→ What you are asked to do
With the images removed, return every line below exactly as it reads.

→ Recorded information
╔══

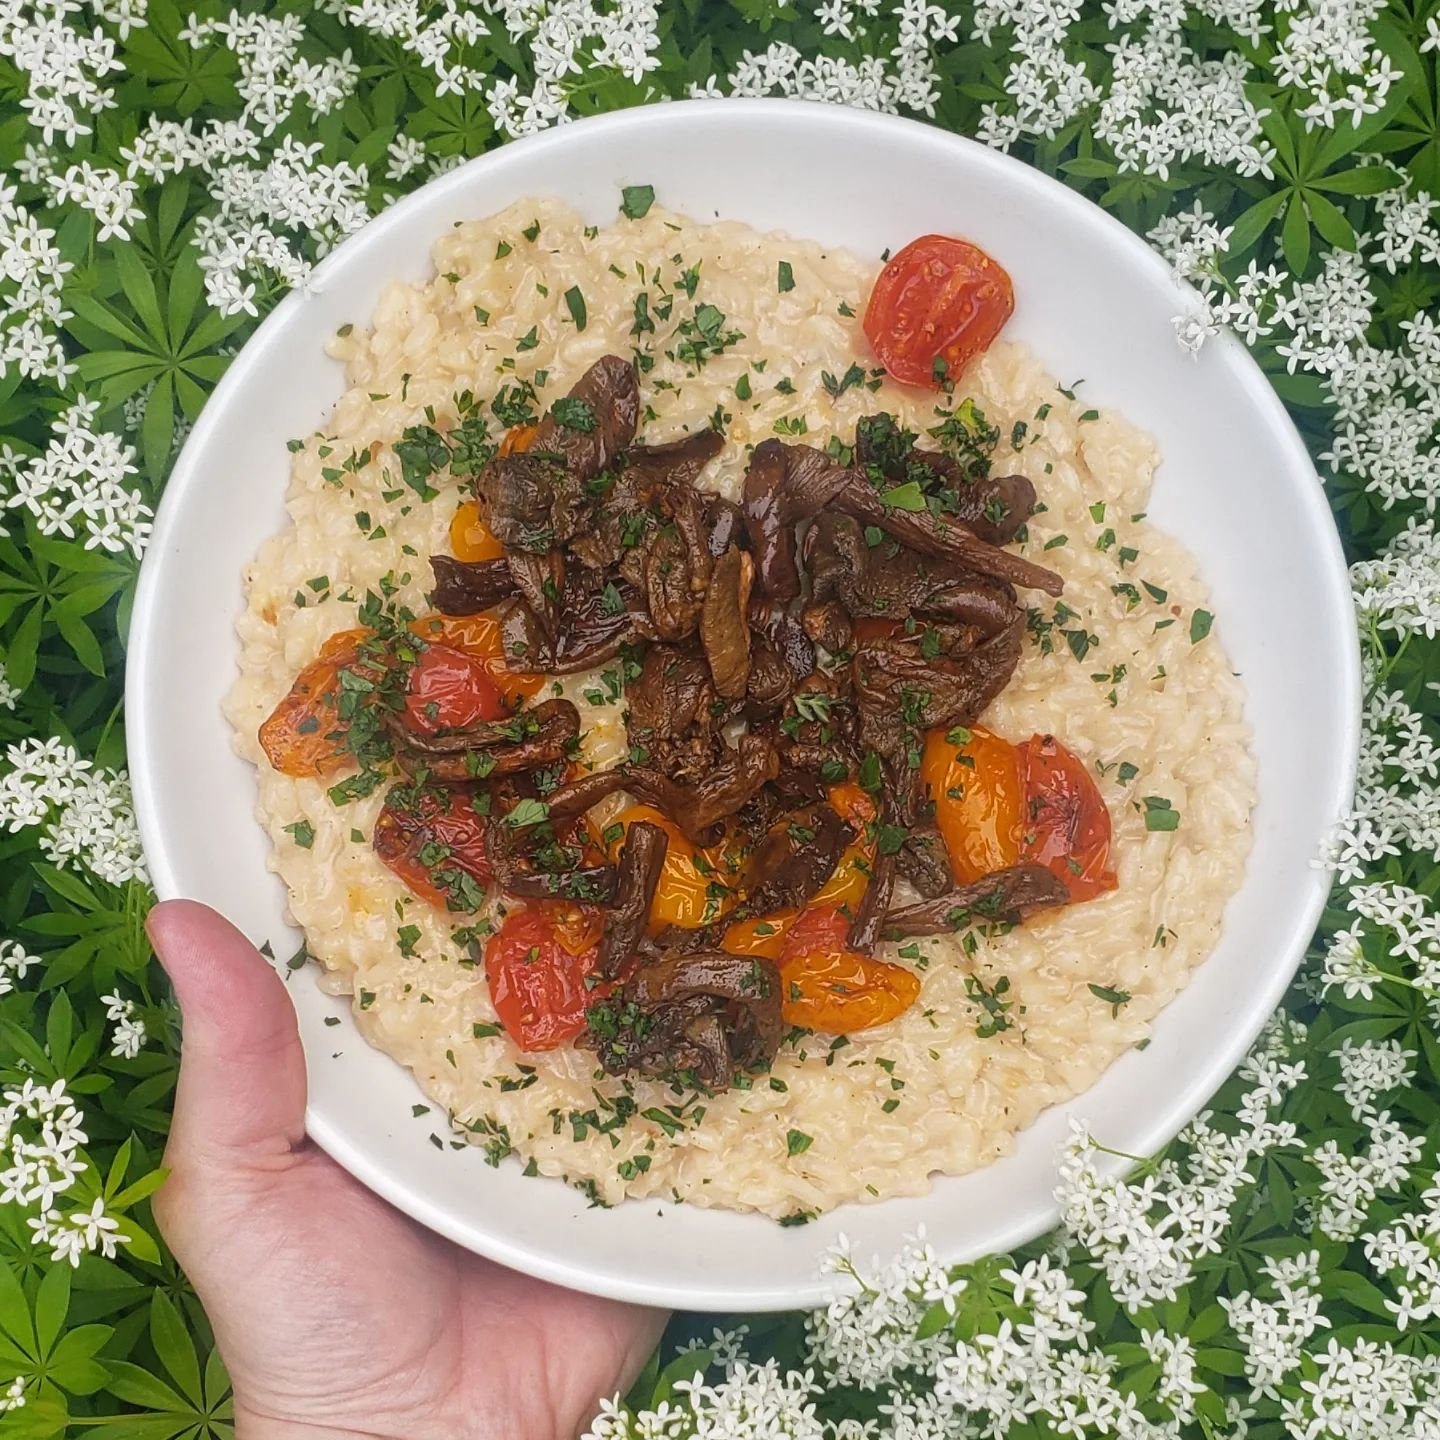 Sneak peak at our Mother's Day Specials Menu! 

Jereme and Ryan created a lovely Mushroom and Blistered Tomato Risotto as our vegetarian Entr&eacute;e. 

Pics of our featured cocktails, Surf &amp; Turf, and more coming soon! Specials will run this Sa

╚══

→ Response
 Sneak peak at our Mother's Day Specials Menu! 

Jereme and Ryan created a lovely Mushroom and Blistered Tomato Risotto as our vegetarian Entr&eacute;e. 

Pics of our featured cocktails, Surf &amp; Turf, and more coming soon! Specials will run this Sa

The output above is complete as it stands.